La questione oggetto di controversia e il suo inquadramento
La giurisprudenza di merito è divisa sul punto e la decisione qui commentata ritiene di aderire a quel filone che ravvisa una discriminazione indiretta nella situazione del dipendente oggetto del provvedimento espulsivo (v., per l'esclusione della discriminazione indiretta, Trib. Lodi 12 settembre 2022).
Questa discriminazione è suggellata dal comportamento del datore di lavoro che computa nel periodo di comporto anche le assenze correlate alla disabilità del lavoratore, sulla base della definizione di discriminazione indiretta, la quale sussiste quando una disposizione, un criterio o una prassi apparentemente neutri possono mettere in una posizione di particolare svantaggio le persone portatrici di un particolare handicap a meno che: i) tale disposizione, tale criterio o tale prassi siano oggettivamente giustificati da una finalità legittima e i mezzi impiegati per il suo conseguimento siano appropriati e necessari; o che ii) nel caso di persone portatrici di un particolare handicap, il datore di lavoro o qualsiasi persona o organizzazione a cui sia obbligato dalla legislazione nazionale ad adottare misure adeguate, conformemente ai principi di cui all'articolo 5, per ovviare agli svantaggi provocati da tale disposizione, tale criterio o tale prassi, secondo la nota definizione contenuta nell'art. 2, lett. b), direttiva 2000/78/CE. Questa disposizione, come noto, è stata trasfusa nel d.lgs. 216/2003, di attuazione della direttiva, nel senso che "sussiste una discriminazione indiretta nel caso in cui una disposizione, un criterio, una prassi, un atto, un patto o un comportamento apparentemente neutri possono mettere le persone che professano una determinata religione o ideologia di altra natura, le persone portatrici di handicap, le persone di una particolare età o di un orientamento sessuale in una situazione di particolare svantaggio rispetto ad altre persone" (art. 2, lettera b).

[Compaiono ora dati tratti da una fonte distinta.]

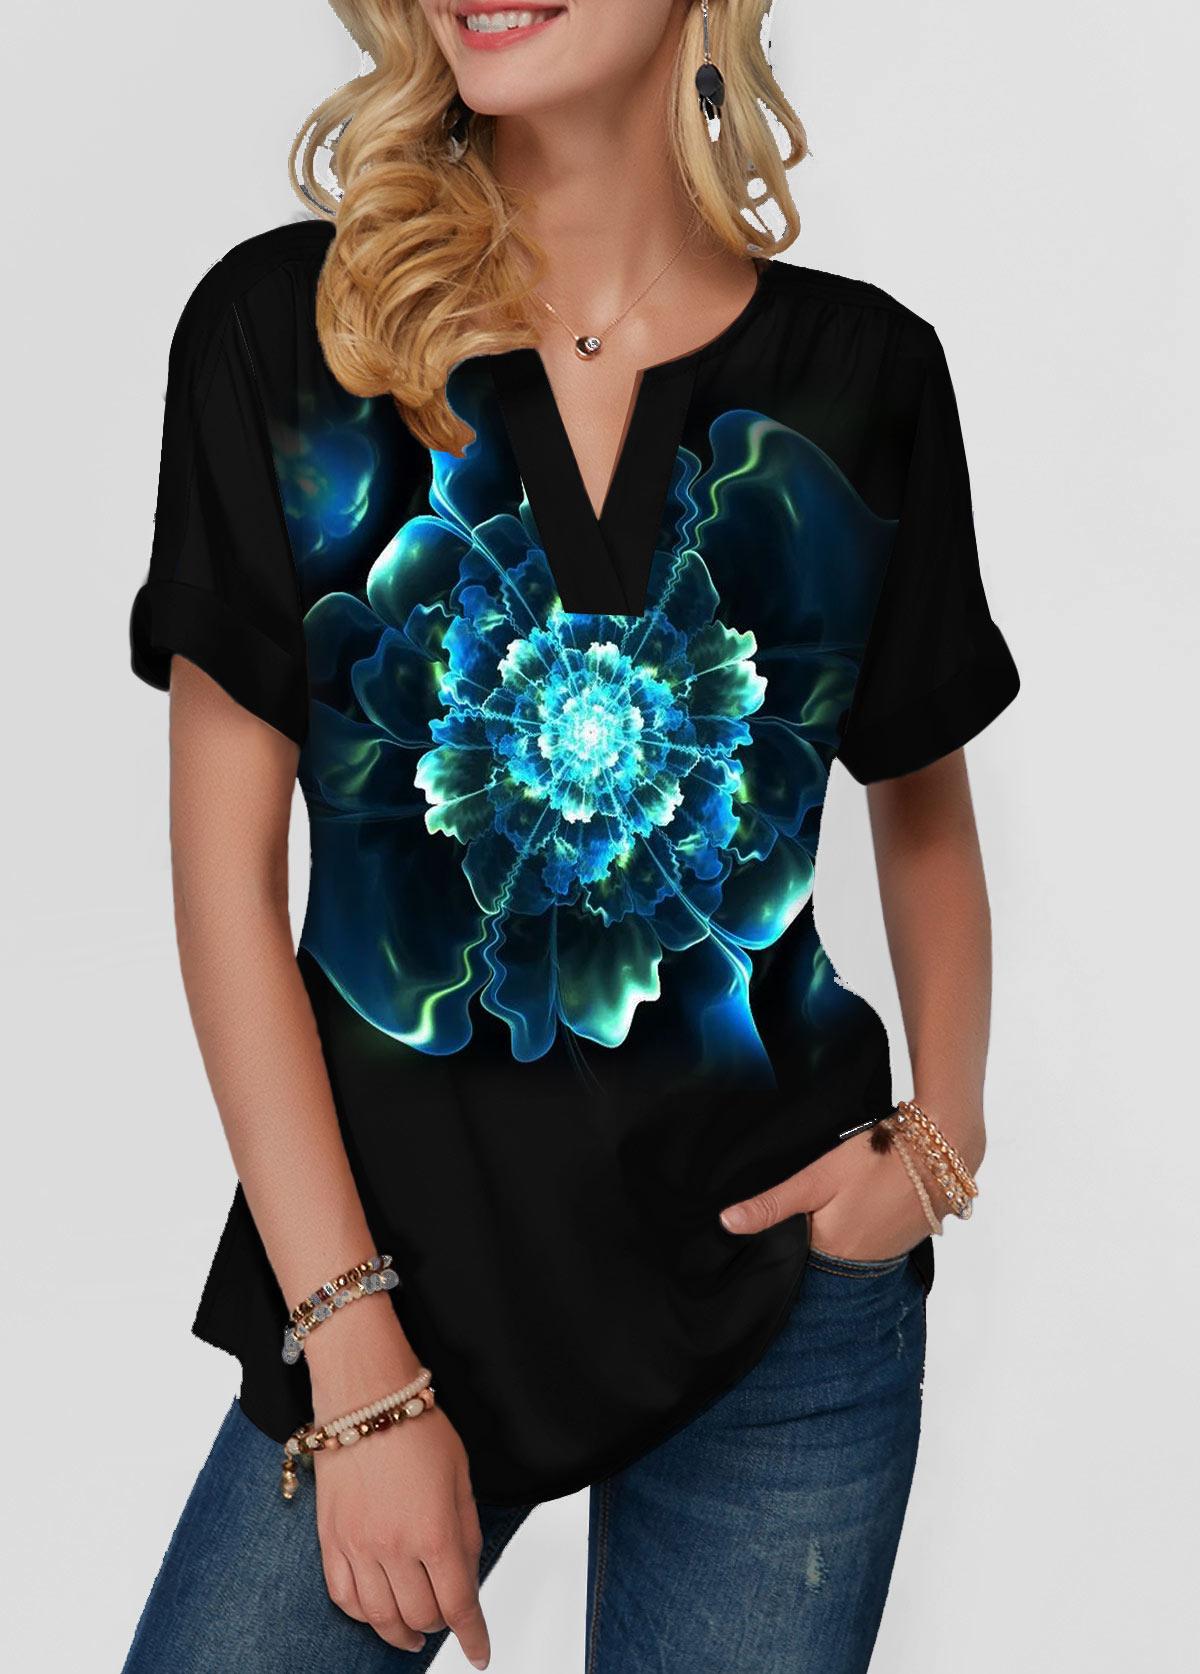 Notch Neck Dazzle Color Short Sleeve T Shirt

All'orientamento giurisprudenziale che si allinea a questa previsione e classificazione, possono riportarsi diversi orientamenti che valutano la fattispecie sulla base di diversi presupposti e considerazioni.
Infatti, si sostiene, da un lato, che la tutela antidiscriminatoria è esclusa se il lavoratore interessato è adibito a mansioni compatibili con il suo stato di disabilità, in base ad una ragionevole scelta organizzativa del datore di lavoro, prospettando, in questo senso, una condizione di lavoro del tutto assimilabile a quella dei suoi colleghi (App. Palermo 14 febbraio 2022, n. 111; Trib. Bologna 19 maggio 2022, n. 230)

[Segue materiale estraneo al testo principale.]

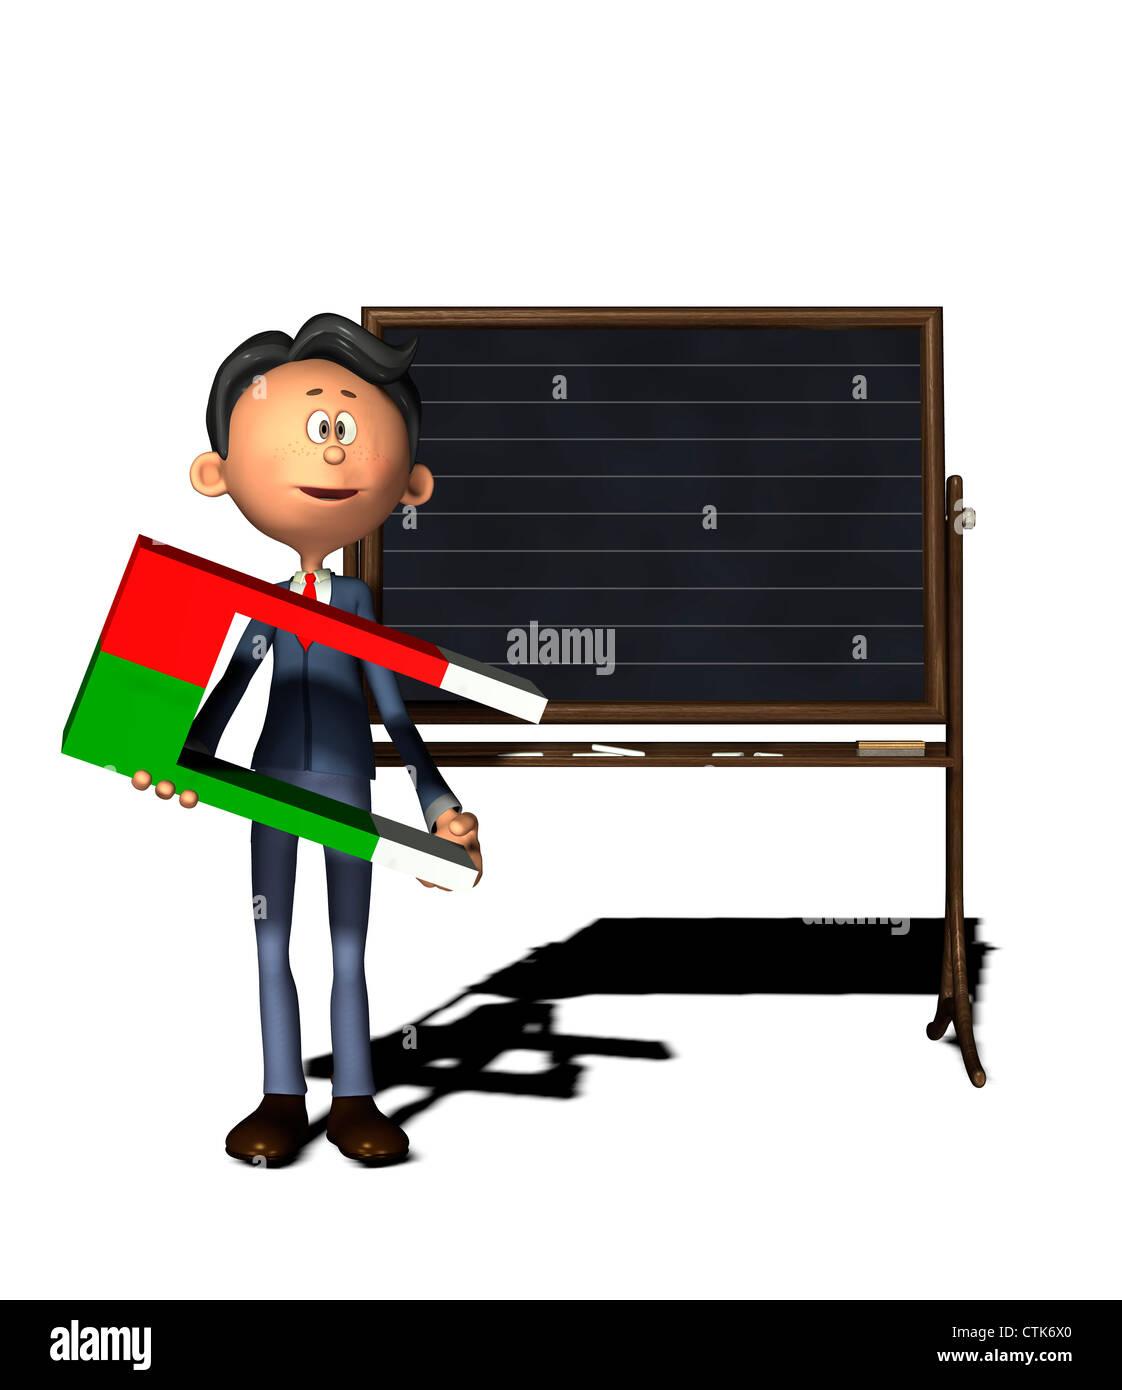 Cartoon-Figur Physiklehrer mit Hufeisen-magnetStockfoto

Dall'altro lato, vi è chi ritiene che l'ordinamento giuridico nazionale prevede un complesso supporto di vantaggi e/o tutele da potersi qualificare come compensativo della situazione relativa all'inclusione delle assenze nel periodo di comporto (App. Torino 3 novembre 2021, n. 604; Trib. Milano 23 gennaio 2017, n. 1883).
Da un altro lato, ancora, altra corrente pone l'accento esimente nel comportamento del lavoratore che non renda edotto il datore di lavoro della sua invalidità, in ragione della circostanza conseguente che l'imprenditore dovrebbe essere in grado di attuare i c.d. accomodamenti ragionevoli (Trib. Vicenza 27 aprile 2022, n. 181).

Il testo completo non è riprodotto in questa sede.